Смерть имела классическую постановку.
Я продолжал смотреть на свое тело, а тем временем позади меня что-то разворачивалось. Я тоже развернулся, но не успел толком ничего разглядеть: меня толчком бросило вверх, прямо на появившийся ослепляющий свет. Я летел и летел к нему со все возрастающей скоростью, и вскоре свет был повсюду. Нигде вокруг не было ничего, кроме света. И вот, в этом свете, вдруг мелькнула оглушившая меня вспышка.
Очнулся я мирно плавающим в безбрежном эфире нежно голубого цвета, но без какого-либо источника света. Подо мной на пушистых, взбитых точно сливки облаках плавал остров. Он выглядел небольшим, но довольно быстро я понял, что просто далеко нахожусь от него. Я начал махать руками как птичка, пытаясь каким-нибудь образом двигаться в этой непривычной для меня среде, но долгое время у меня ничего не получалось; я или барахтался на одном месте, или крутился как собачка, просящая, чтобы ее почесали. После этого я попробовал плыть. Это дало какой-то результат. Остров не стал стремительно приближаться, но я почувствовал, что двигаюсь, пусть и с черепашьей скоростью. Делать нечего, пусть будет хоть какая-нибудь скорость... все не болтаться вечно в этой пустоте.
Плыл я долго, очень долго, пока у меня не устали конечности. Когда я почувствовал, что они вот-вот отвалятся, пришлось снова застыть в безбрежном голубом пространстве, в котором все так же далеко одиноко плавал зеленый остров. Я прикинул, сколько до него еще плыть, тем более, что наверняка он находится дальше, чем кажется отсюда, и уныло посмотрел на свои руки.
Стоп! Совсем недавно у меня рук не было. У меня вообще ничего не было, кроме меня, воздушного и неосязаемого. А теперь опять и руки, и ноги, и все остальное... Только я отчего-то голый. Эх, зеркало бы сейчас - действительно ли я опять выгляжу так же, как и при жизни? Я начал рассматривать себя со всех сторон - все в точности как было, вплоть до самых интимных моментов. Я развернул голову назад с непостижимой ранее для меня гибкостью и увидел позади себя бессильно болтающиеся крылья. Ого! Я аж кувыркнулся от желания получше их рассмотреть. Крылья как крылья, с крупными жесткими перьями.
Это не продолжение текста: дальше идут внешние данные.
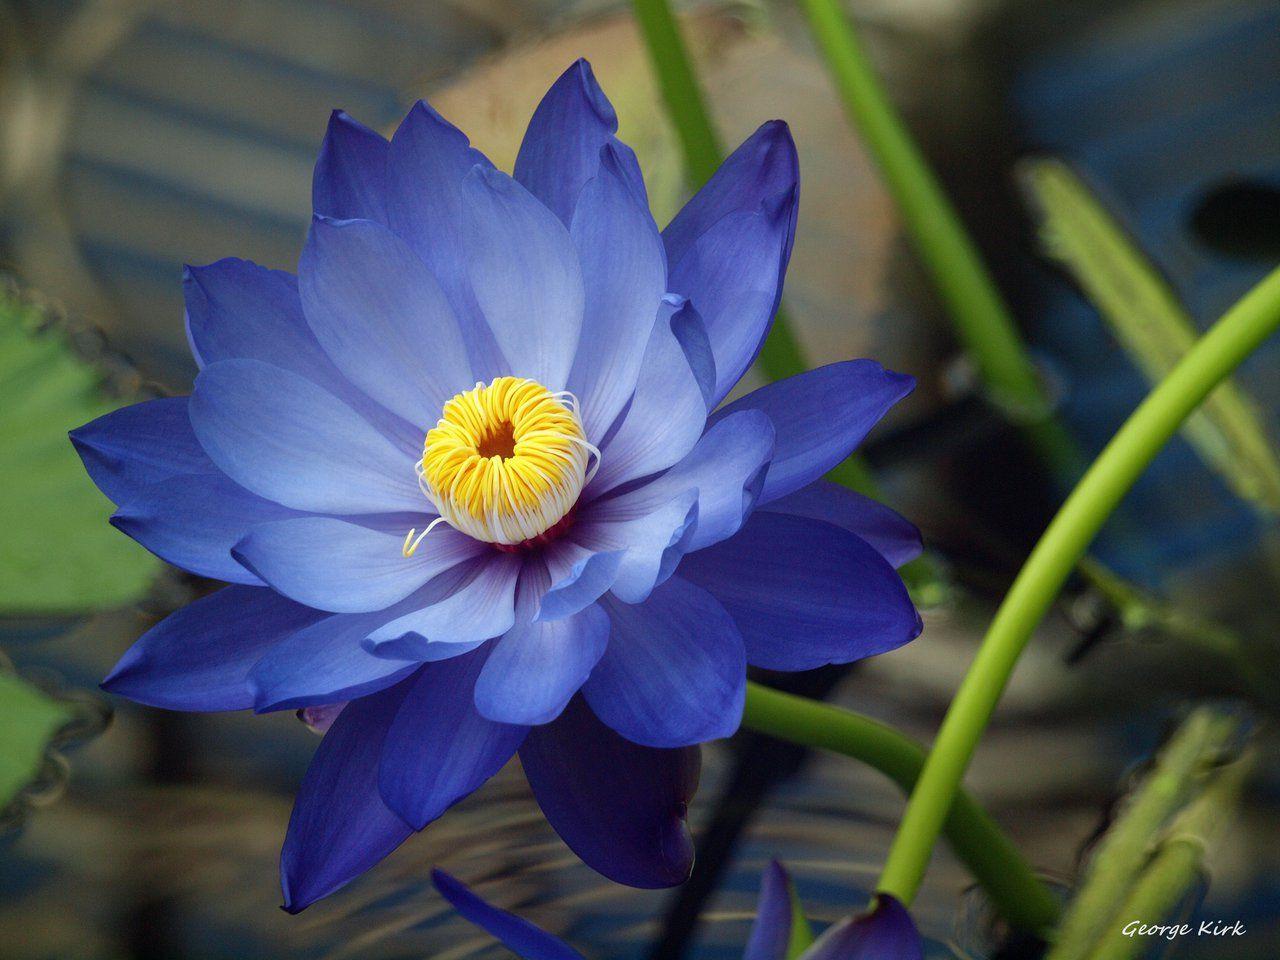 Norse nature spirit blue lotus by george kirk smell life norse nature spirit blue lotus by george kirk buycottarizona Choice Image

Цветом по большей части белые, но с черной проседью. Я взмахнул ими для пробы и почувствовал, как меня швырнуло в сторону... Гм! Сильная штучка!
Поупражнявшись немного с новыми своими конечностями, я через некоторое время уже летел на свистящей скорости к острову. Он рос как на дрожжах. Я уже начал бояться, как бы не врезаться в него со всего размаху с непривычки, и начал махать крыльями в обратную сторону. Но мне помогли затормозить. Точнее, поменять направление на девяносто градусов: в левый бок со всего размаха врезалось такое же создание как я сам.
- Куда? - сказало оно, пока я крутился в воздухе, отплевываясь от пуха, и пытался выровнять свое положение.
- Куда? - повторило оно. Впрочем, приглядевшись, я рассмотрел, что это был он. Причем, он был уже не один: за спиной у него порхали двое таких же голых созданий.
- Туда, - кротко ответил я, ткнув пальцем на остров.
- Так сразу нельзя, - покачал головой тот.
- А когда можно? Видите ли, кроме как туда, больше некуда.
Они дружно загоготали втроем. Им отчего-то было смешно.
- То есть как это некуда? Очень даже есть куда... Только это далеко и внизу, - сказал первый. Впрочем, только он и говорил.
- А здесь есть низ? - спросил я, оглядываясь.
- Конечно есть. Где ад, там и низ.
Ого!
- Так мы, стало быть, в раю? - спросил я.
- Нет. Мы возле рая.
- А как можно попасть внутрь?
- Тебе нужно сначала посетить архангела.
- Какого еще архангела?
- Необыкновенного архангела, - голое существо важно подняло вверх дрожащий палец, - хранителя ключей от врат рая.
"Надо же, мне повезло, - подумал я, - я сразу познакомлюсь с необыкновенным архангелом, минуя всех прочих тривиальных..." Впрочем, так со всеми должно случаться - ведь все, я надеюсь, проходят чрез врата рая...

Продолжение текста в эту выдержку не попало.